12.4.2 Beoordelingsregels

Voor de omgevingsvergunning als bedoeld in 12.4.1 gelden in aanvulling op het bepaalde in artikel 22.29 van dit omgevingsplan en de algemene bouwregels in Hoofdstuk 4 gelden tevens de volgende beoordelingsregels:

  • e. er vindt geen onevenredige aantasting plaats van het straat- en bebouwingsbeeld;
  • f. er vindt geen onevenredige aantasting plaat van de verkeersveiligheid;
  • g. er vindt geen onevenredige aantasting plaats van de gebruiksmogelijkheden van aangrenzende gronden;
  • h. de realisatie is vanuit stedenbouwkundig oogpunt toelaatbaar;
  • i. er is geen sprake van milieuhygiënische beperkingen.

12.5 Specifieke gebruiksregels
12.5.1 Strijdig gebruik

Onder gebruik in strijd met de functie 'Woongebied' wordt in ieder geval verstaan het gebruik van de gronden ten behoeve van:

  • a. het gebruik van vrijstaande bijbehorende bouwwerken voor bewoning;
  • b. de uitoefening van bedrijf aan huis;
  • c. het gebruik van een groter vloeroppervlak in het hoofdgebouw en bijbehorende bouwwerken, dan 30% van de vloeroppervlakte met een maximum van 45 m² ten behoeve van de uitoefening van beroep aan huis.
12.5.2 Voorwaardelijke verplichting geur 1

Binnen de aanduiding 'Specifieke vorm van wonen - voorwaardelijke verplichting geur 1' is het gebruik van de gronden conform lid 12.2 onder a, b en m slechts toegestaan indien de bedrijfsactiviteiten van het agrarisch bedrijf aan de Beitelweg 7 zijn beëindigd.

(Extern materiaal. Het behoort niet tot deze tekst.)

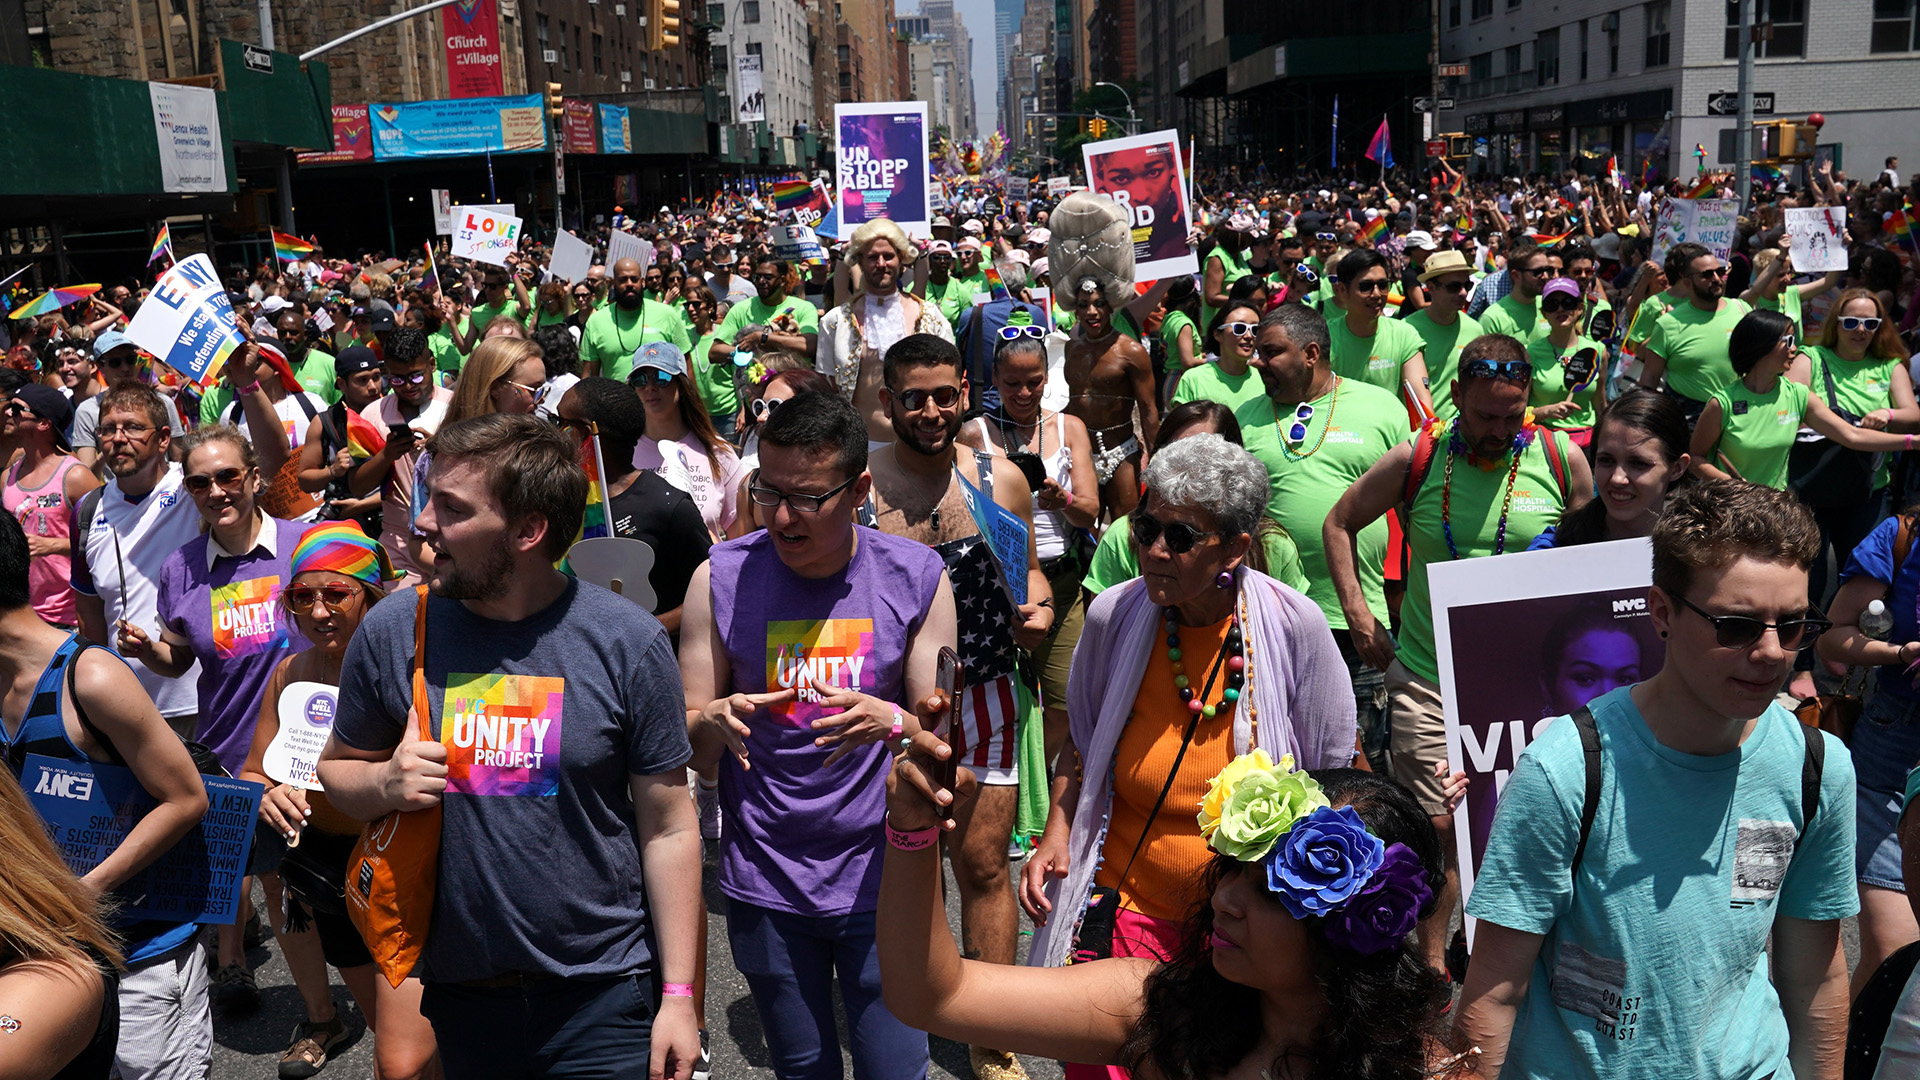 Los neoyorquino portaron los colores de arcoiris en remeras, banderas y máscaras (AFP)

12.5.3 Voorwaardelijke verplichting geur 2

Binnen de aanduiding 'Specifieke vorm van wonen - voorwaardelijke verplichting geur 2' is het gebruik van de gronden conform lid 12.2 a, b en m slechts toegestaan indien is aangetoond dat de geurbelasting lager is dan 7 odeur voorgrondbelasting en lager is dan 13 odeur achtergrondbelasting.

12.5.4 Voorwaardelijke verplichting ontsluiting

Binnen de aanduiding 'Specifieke vorm van wonen - voorwaardelijke verplichting ontsluiting' is het gebruik van de bouwwerken ten behoeve van de woonfunctie uitsluitend toegestaan indien een ontsluitingsweg is aangelegd.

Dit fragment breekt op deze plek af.